Fifth, Live into the Possibilities.

“Possibilities,” writes Phillip Moffitt, one of the teachers at Spirit Rock Meditation Center, “are based in the present moment, where you are alive to the mystery of life.”    Instead of trying to pound the future into a predetermined mold to fit our expectations, we are mindful of what is actually happening and then use our imaginations to help create the next moment.

Consider, for example a Christmas meal.

We want it to be perfect with delicious food and fun conversation.   In the Land of Expectations we have ideas about what that looks like specifically – what sorts of food will be served and how people will behave at the dinner table.  If we make a mistake and leave something in the oven too long or forget an ingredient, at best we are disappointed, at worst we berate ourselves for not doing better.  Already the event has a pall of anxiety and stress over it.

 

So what if after Thanksgiving instead of finding ourselves smack in the middle of the Expectations Expressway, we found ourselves in the Villages of Possibilities?

The bustling town square, thick with trees is surrounded with modest buildings, paths that meander into the darkness and just two signs.

Pay Attention, says one.

Be Loving, says the other.

The trees are heavy with Life Happenings.

People pick them off or they drop suddenly on their heads.

They open them and show the Life Happenings to each other.

Some are good things – like delicious sugar cookies with fluffy green frosting, a perfect ski day with sun glinting on the snow, fun playing board games with a child.  Some are difficult things – no money, a family fight, a work crisis, an illness.
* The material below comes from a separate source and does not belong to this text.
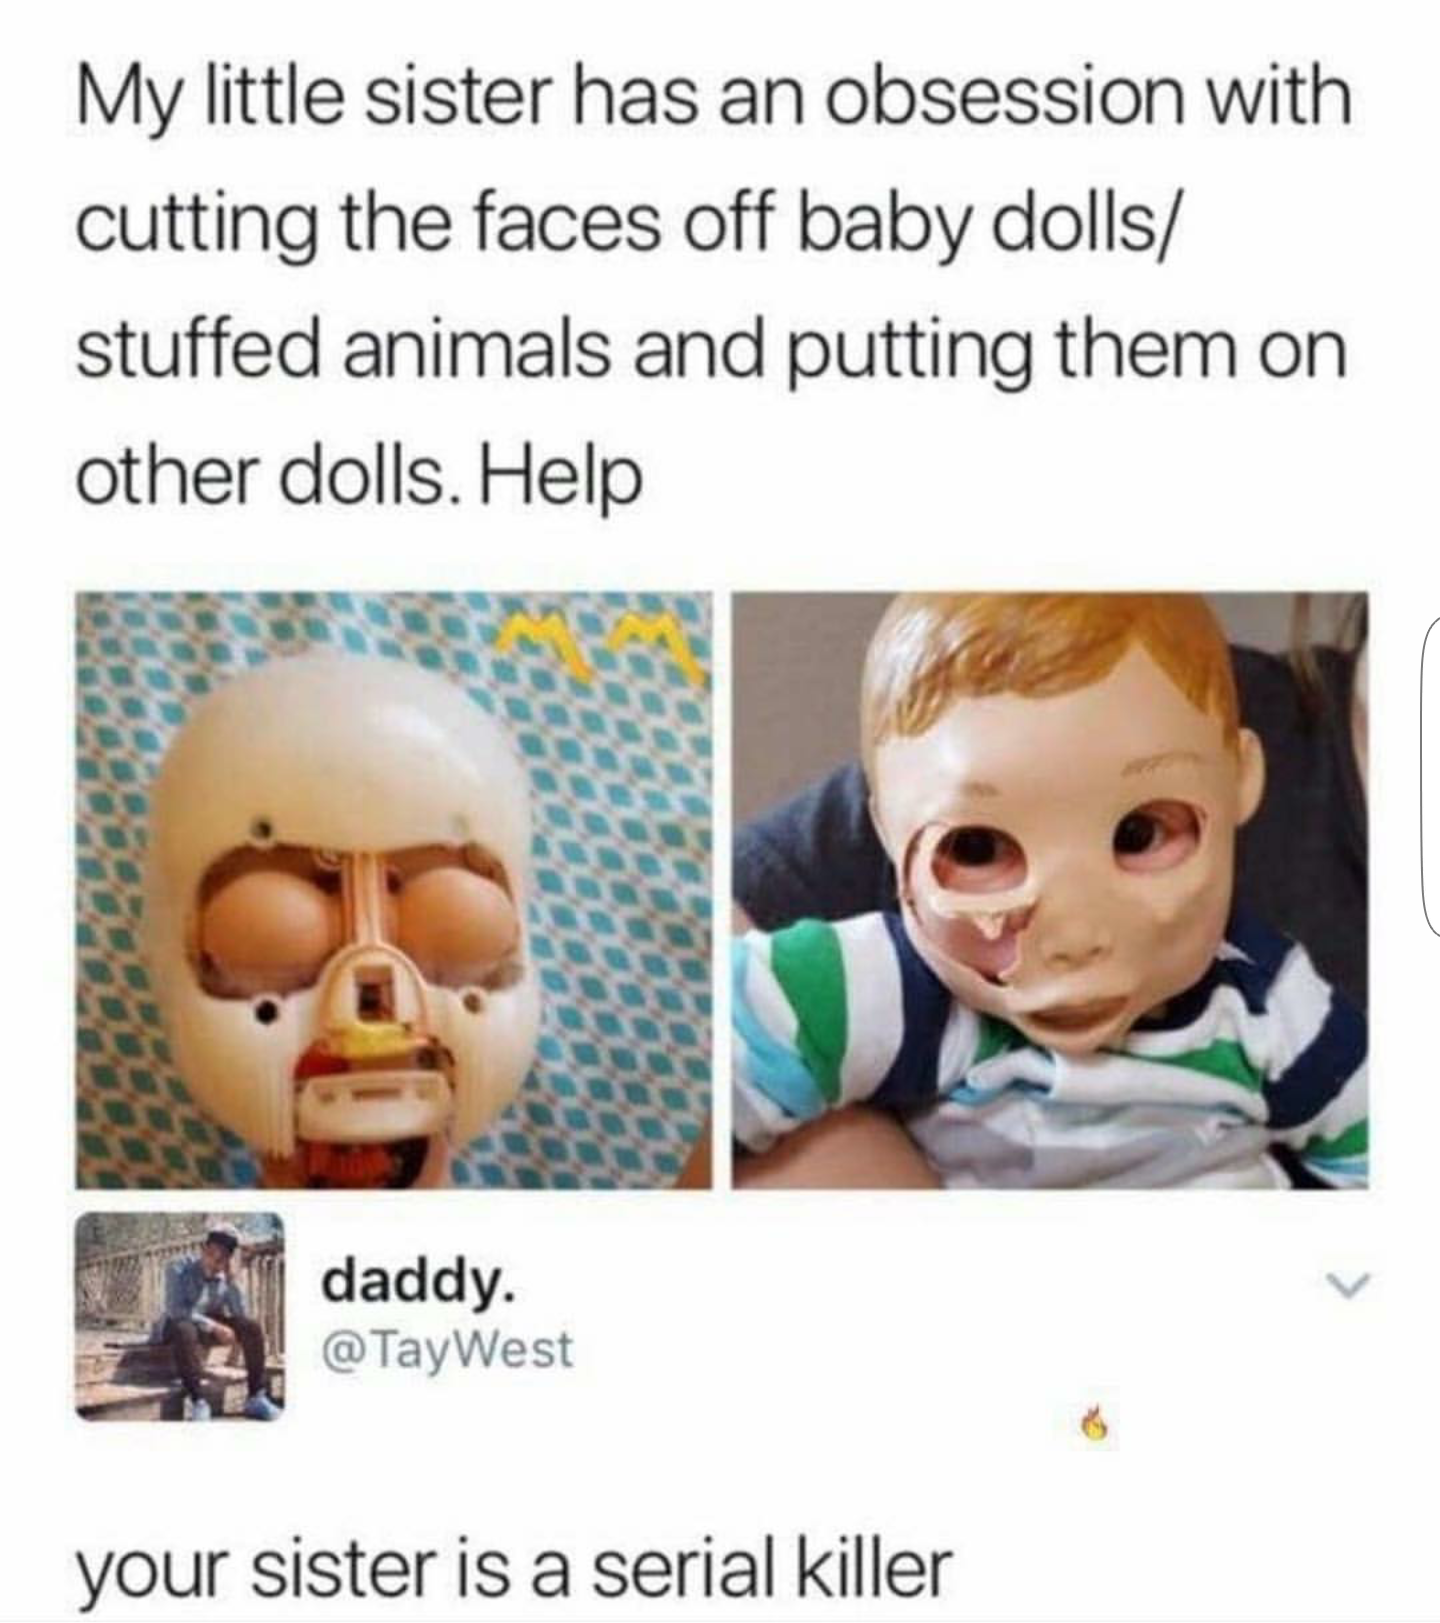 memes - thanks i hate it subreddit - My little sister has an obsession with cutting the faces off baby dolls stuffed animals and putting them on other dolls. Help daddy. @ TayWest your sister is a serial killer

The people consider together and gaze around the square at the buildings and paths.  It is all Possibilities.

They could sit on one of the Just Being Benches.

Or party at the Laugh Out Loud Dance Studio.

Or go to Grove for a Good Cry.

They could head down the path toward “It’s a Surprise!” Christmas Tree Forest.

Or spend a night at the Forgiveness Hotel where they conveniently offer a two-for-one dinner special or free dessert for those who come alone.

Maybe the best thing would be visit the Love Yourself Spa with treatments for Every Mood.

Or to head to the Creativity Mall where people can pick up a bit of Imagination or Ways You Haven’t Dreamed of Yet or Wonderful Ideas in a Box.

Life Happens.  Those Happenings fall from the tree startling us or we reach up and grab them.

But after that, all is Possibilities.

There are only two signs.  Two clear directions.

Pay Attention.

Be Loving.

But for those who stop for a moment, pausing in the cold crisp night air, and look to the east, they can see a bright burning star and below it the words,

Merry Christmas.

Peace on Earth.

To all Goodwill.

 

So

Look East.

Follow the Star.

You can see it from the Village of Possibilities.

May there you find your own Christmas. Your own Peace. Your own Goodwill.